= Long Range Land Attack Projectile =

Cancelled American artillery shell

The Long Range Land Attack Projectile (LRLAP) is a canceled precision guided 155 mm naval artillery shell for the U.S. Navy's Advanced Gun System (AGS). LRLAP was developed and produced by Lockheed Martin Missiles and Fire Control, the prime contractor being BAE Systems.

The LRLAP would have used a rocket-assisted projectile with fin glide trajectory. The warhead effectiveness was considered comparable to that of the M795 artillery shell, and with the AGS it would have been capable of 6 round Multiple Rounds Simultaneous Impact (MRSI) in a span of 2 seconds. It would have used a blast fragmentation type warhead.
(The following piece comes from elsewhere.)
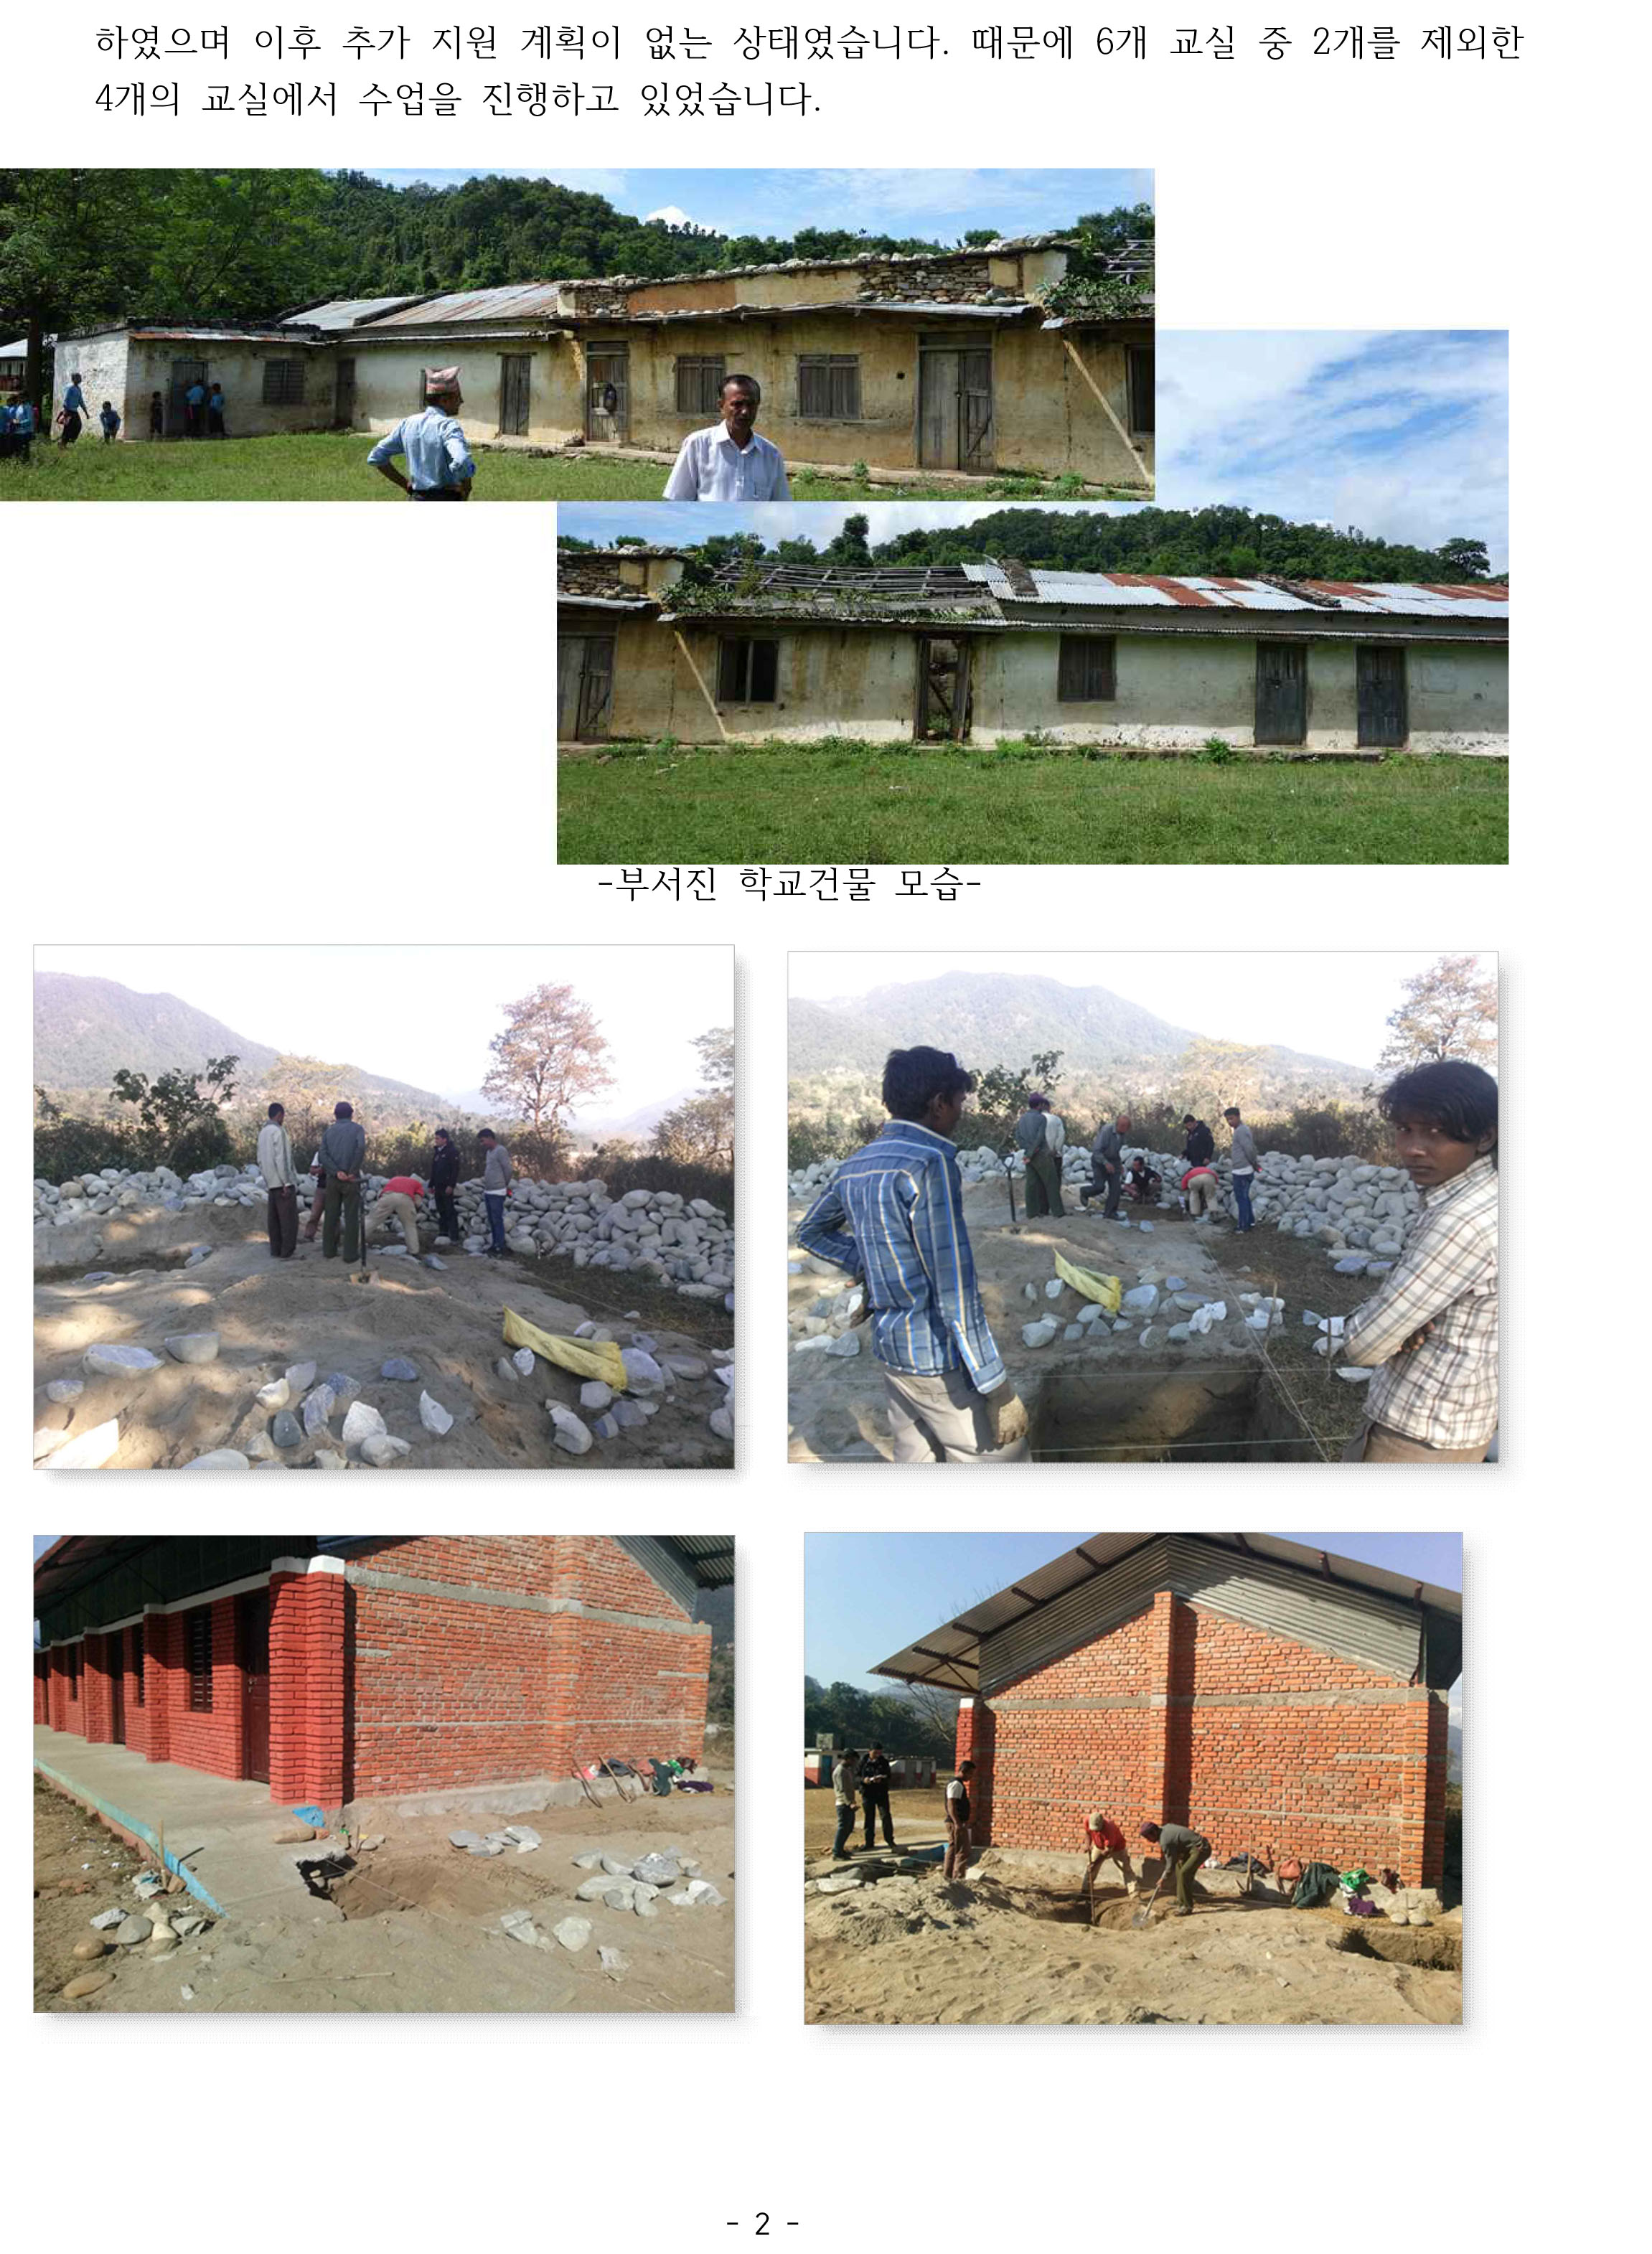 네팔 학교 재건 3차 준비 - 최종보고-2.jpg

The LRLAP was designed for use in the AGS and is not compatible with any other weapon. The AGS is used only on the Zumwalt-class destroyer, with two AGSs on each ship. In November 2016, the Navy announced it had decided to cancel procurement of the LRLAP. This was due to rising costs resulting from the trimming of the Zumwalt-class destroyer fleet to just three ships, raising individual shell cost to $800,000-$1 million, about as much as a Tomahawk cruise missile. About 90 rounds had been secured for testing aboard the three hulls, but a full buy of about 2,000 planned rounds would be about $1.8-$2 billion.

==Specifications==
- Caliber: 155 mm
- Weight:
  - Total: 225 lb
  - Bursting charge: 24 lb
- Length (propellant and projectile): 88 in
- Guidance: GPS/INS
- Precision: Circular error probable of 50 m or less
- Range: 100 nmi max. (Some sources report 83 nmi, or 74 nmi.
- Warhead: Unitary high-explosive
- Cost:
- 2004 Manufacturer's estimated per-unit cost at full production: $35,000
- 150 LRLAP guided projectiles were procured in FY2015 with a unit cost of $476,946.67
- unit cost in 2016: $800,000 to $1,000,000

==Program history==
- June 2005 - Successful guided flight test of the LRLAP sets gun-launched guided projectile range record of 59 nmi.
- September 2010 - Successful unguided flight test.
- August 2011 - Two live fire tests of 45 nautical miles range.
- June 2013 - Four full cycle live fire tests conducted.
- September 2013 - Lockheed receives $18 million contract to transition the LRLAP to production. Fielding planned for 2016.
- November 2016 - USN moves to cancel LRLAP projectiles citing excessive costs.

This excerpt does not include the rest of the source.